Should the "CMO" (here: the President and CEO of "Brand USA") resign given the hopelessness of his mission? So far, it doesn’t seem that way.

Again, this specific case merely serves as an occasion to describe and discuss the challenges of nation branding in broader terms. Conceptually, nation branding assumes that the nation (as the overarching entity) and the brand (as the marketed offering or product) need not be related. The aim is not to turn the nation into a brand. "Brand USA" interestingly does not even attempt to define the USA as a brand. Instead, its much more modest goal is to promote the USA as a travel destination in a positive light. The latter has nothing to do with the image of the USA as communicated by its leadership and made tangible by government actions.

Thus, the image delivered of the "Ugly American" and the image desired of the USA as "friendly, welcoming, supportive, and inspiring" can coexist. Partners can be alienated, insulted, blackmailed, or threatened while their citizens are courted.

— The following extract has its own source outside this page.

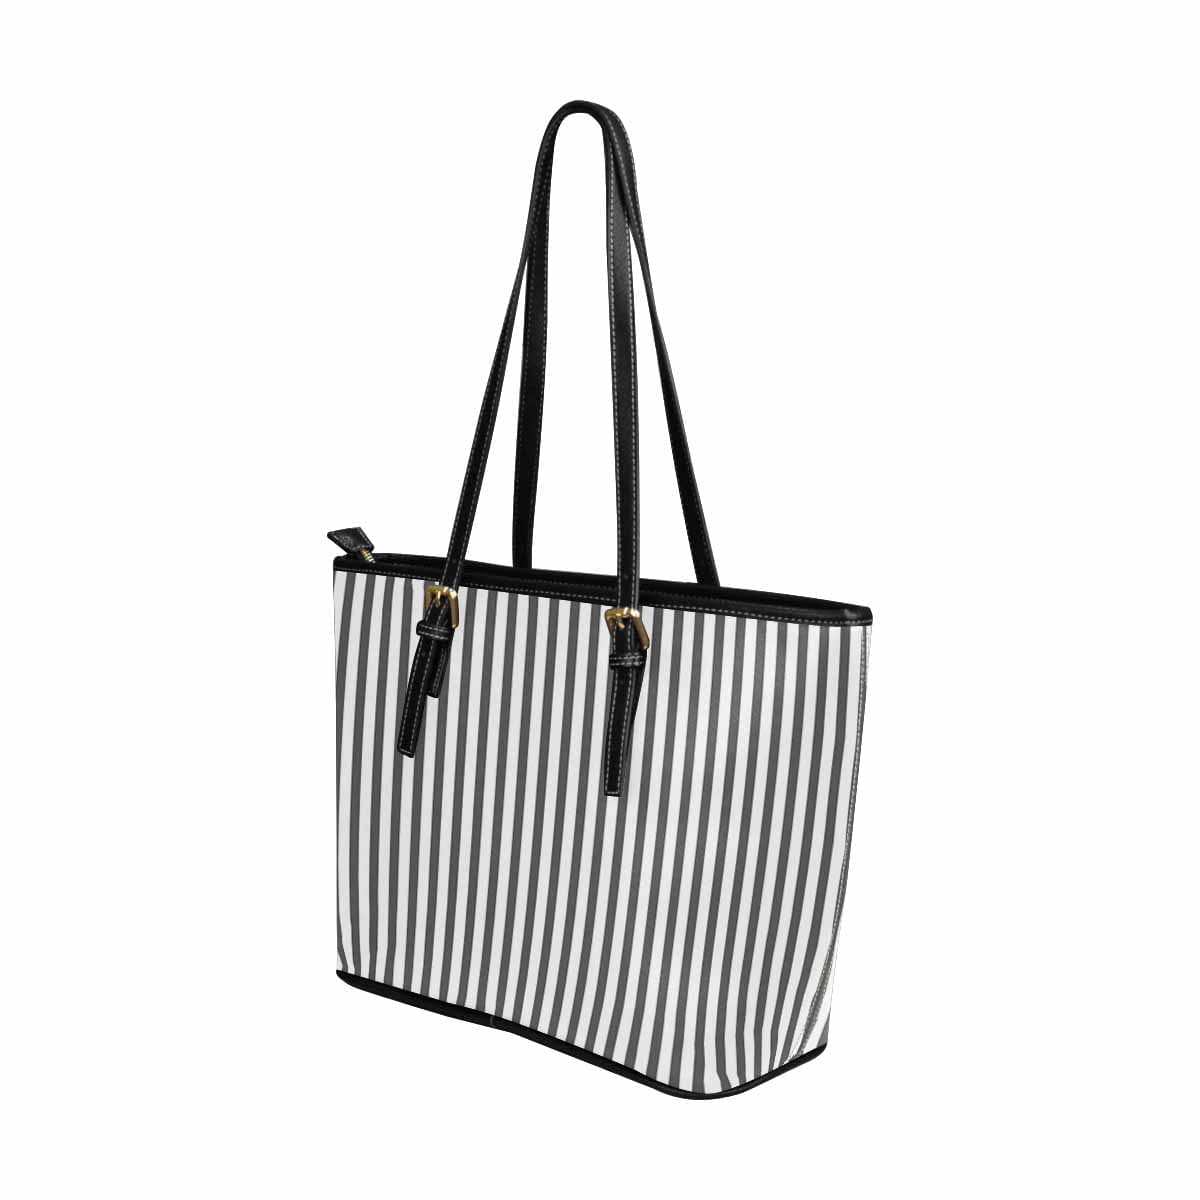 Large Leather Tote Shoulder Bag - Stripe Grey Tote - Bags | Leather Tote Bags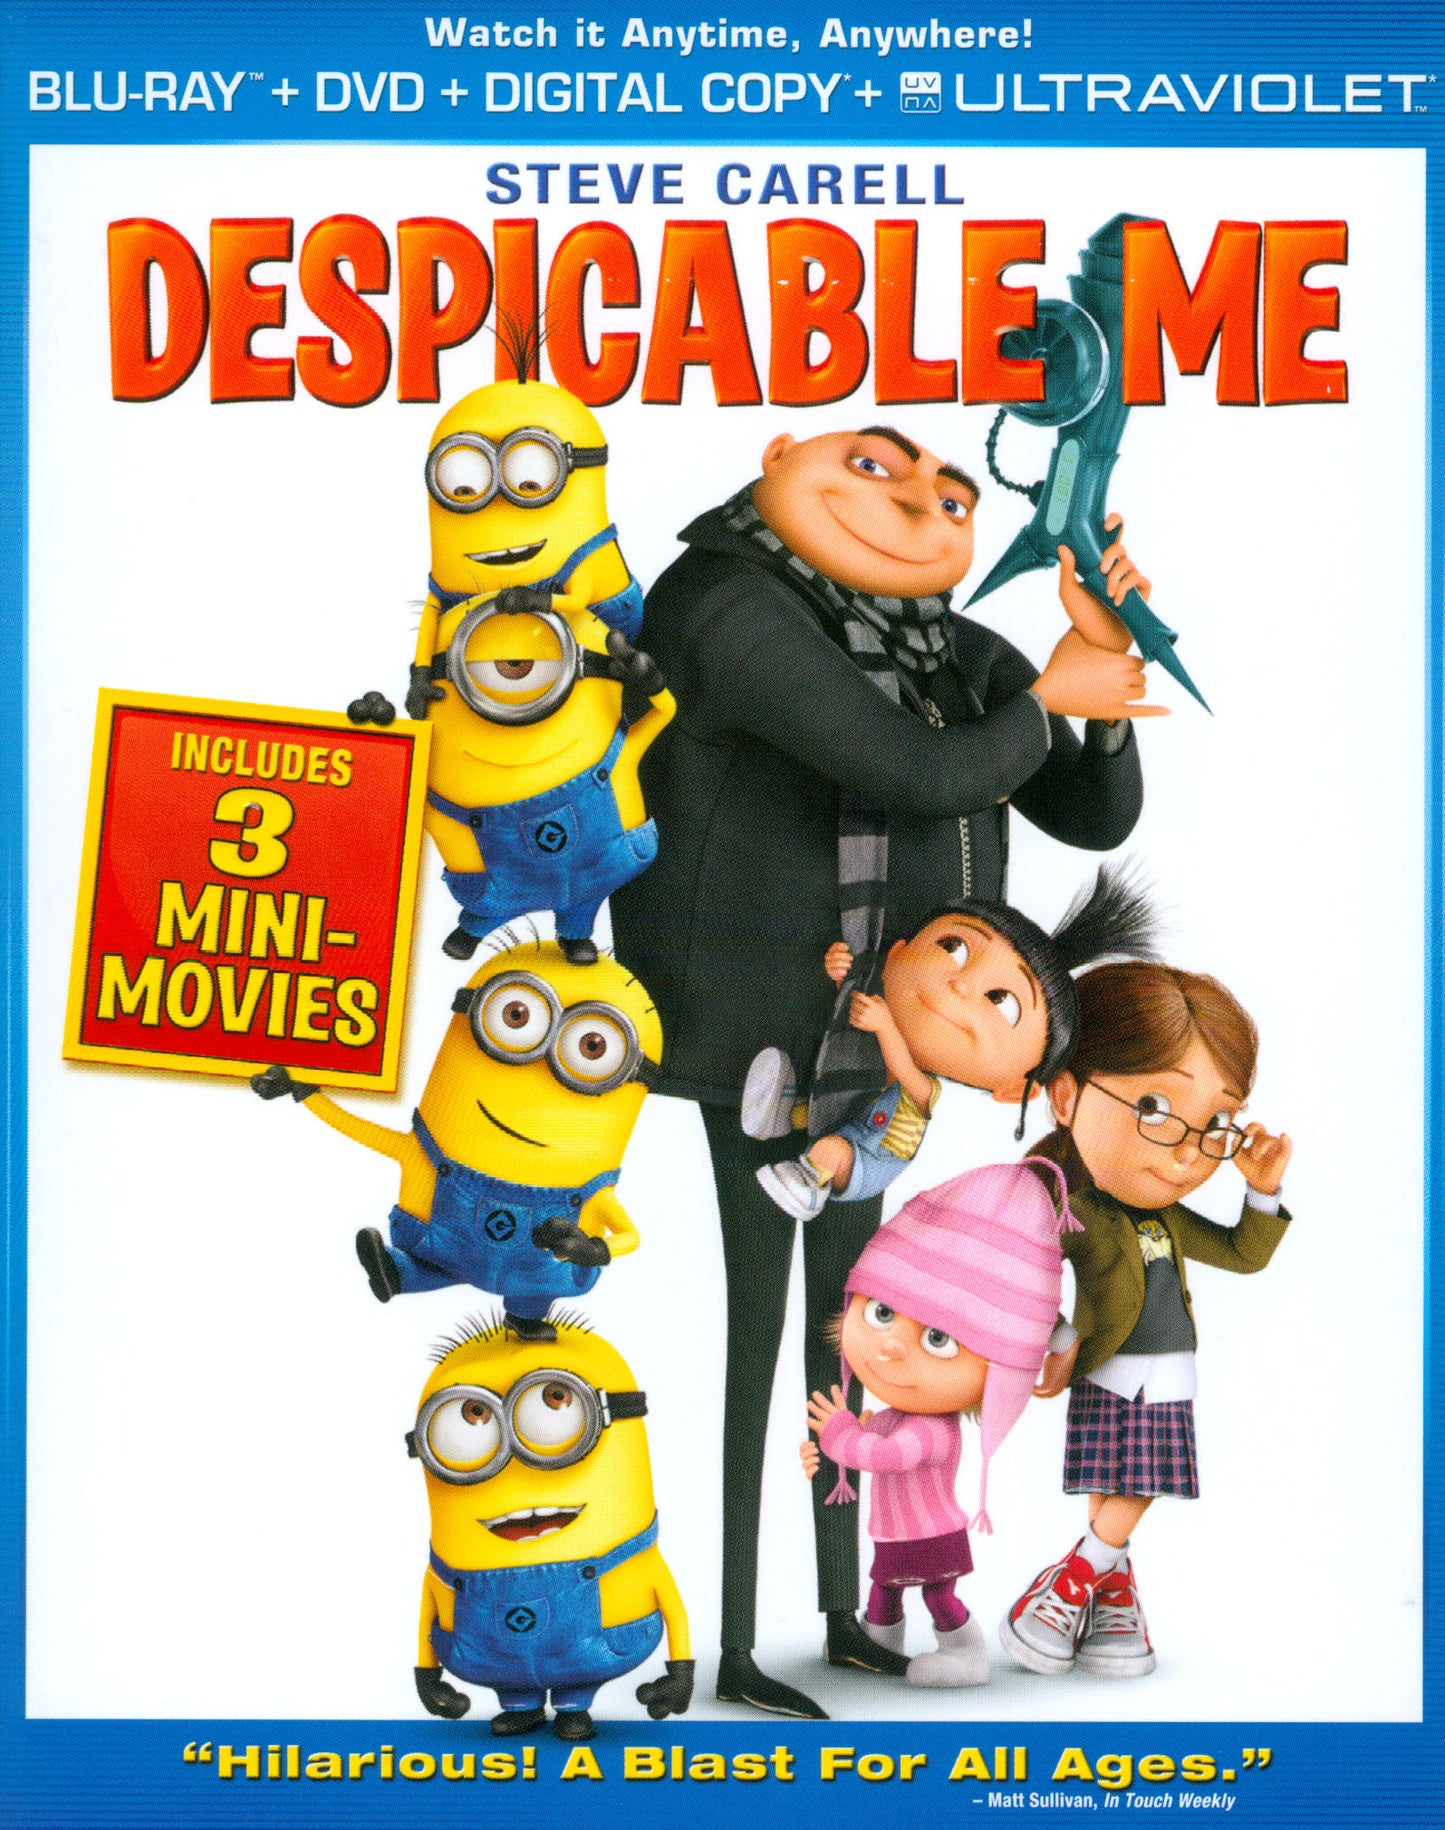 Despicable Me [2 Discs] [Includes Digital Copy] [Blu-ray/DVD] cover art

Poverty and misery, violence, and conflict do not disrupt the construction of the USA as a vacation paradise. Some are warmly invited as tourists, while others are brutally kicked out as unwanted human beings. Entry processes can be made "customer-friendly" for some while others are forcibly, illegally, and inhumanely repatriated, deported, expelled, or removed—euphemisms bordering on Orwellian Newspeak.

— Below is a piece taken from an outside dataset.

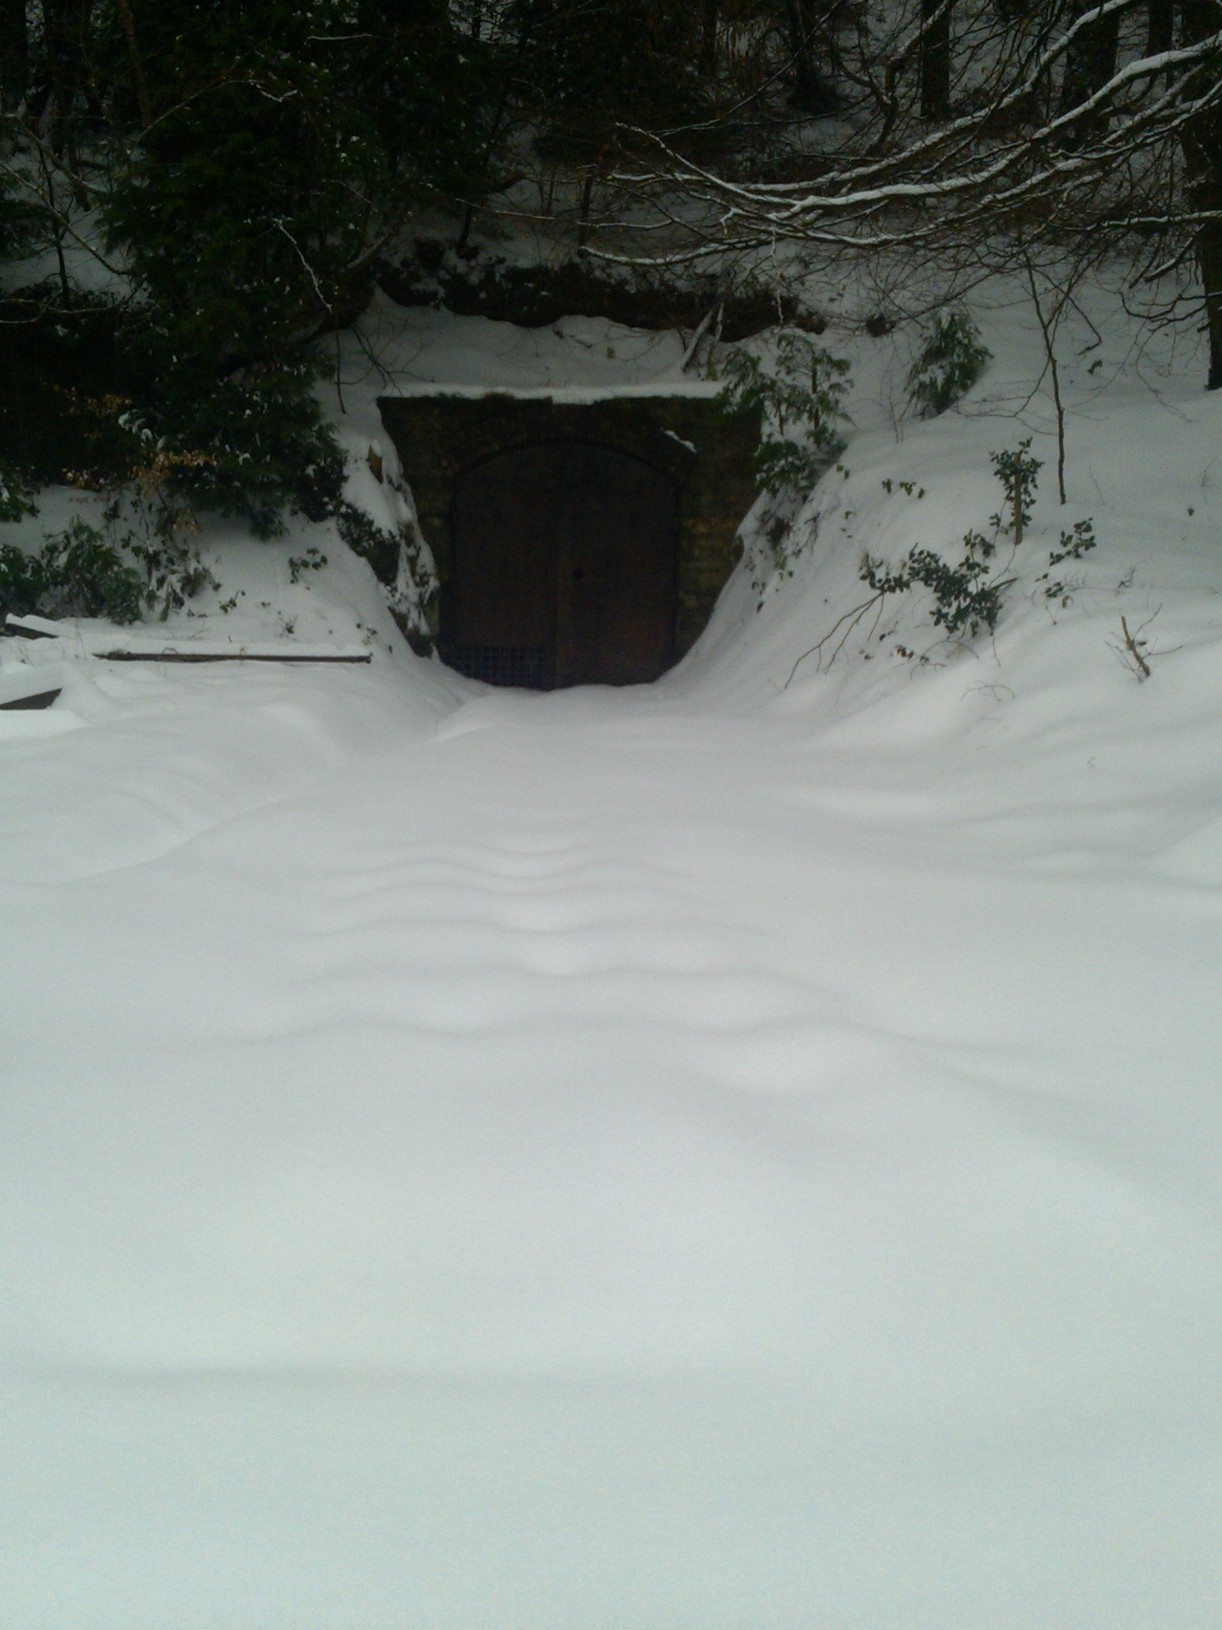 Mine entrance in the snow

This leads to an initial conclusion: the concept of “brand development” has no place in the context of nations and nation-states. Even the doyen of nation branding now openly and admirably acknowledges the shortcomings of the concept, asking: “Has it all been a big misunderstanding?” (Simon Anholt in: Place Branding and Public Diplomacy (2024) 20: 4–69). A more moderate judgment might be that Nation Branding is a misnomer. However, it is a highly lucrative misnomer. An entire industry thrives on it. A growing academic discipline enjoys its success. The term’s appeal resonates strongly with political circles and the media, as it suggests professionalism and modernity.

Final Thought: Nation branding is here to stay (and grow). For brand strategists, this results in the opportunity to assume the role of the court jester (see: https://www.br.de/­mediathek/­podcast/­radiowissen/­der-hofnarr-legende-­und-wahrheit-1/1803710). My modest proposal: we should embrace this role in all its complexity and ambivalence—not just as highly talented entertainers with limited, low status. We should use our gained jester's freedom to speak uncomfortable truths. For example: "This USA, Donald, is truly unmarketable." However, we cannot transform obvious foolishness (marketing today’s USA as a vacation paradise) into deeper wisdom—and only then could we, as nation branders, seriously claim the status of the modern court jester.

3. March 2025

Prof. Dr. Jürgen Häusler is an honorary professor of strategic corporate communications at the University of Leipzig. Until his retirement in 2015, he was Chairman of Interbrand Central and Eastern Europe and advised companies and organizations worldwide on the development of brands. As a social scientist, he has worked at the Max Planck Institute for the Study of Societies in Cologne, among other places.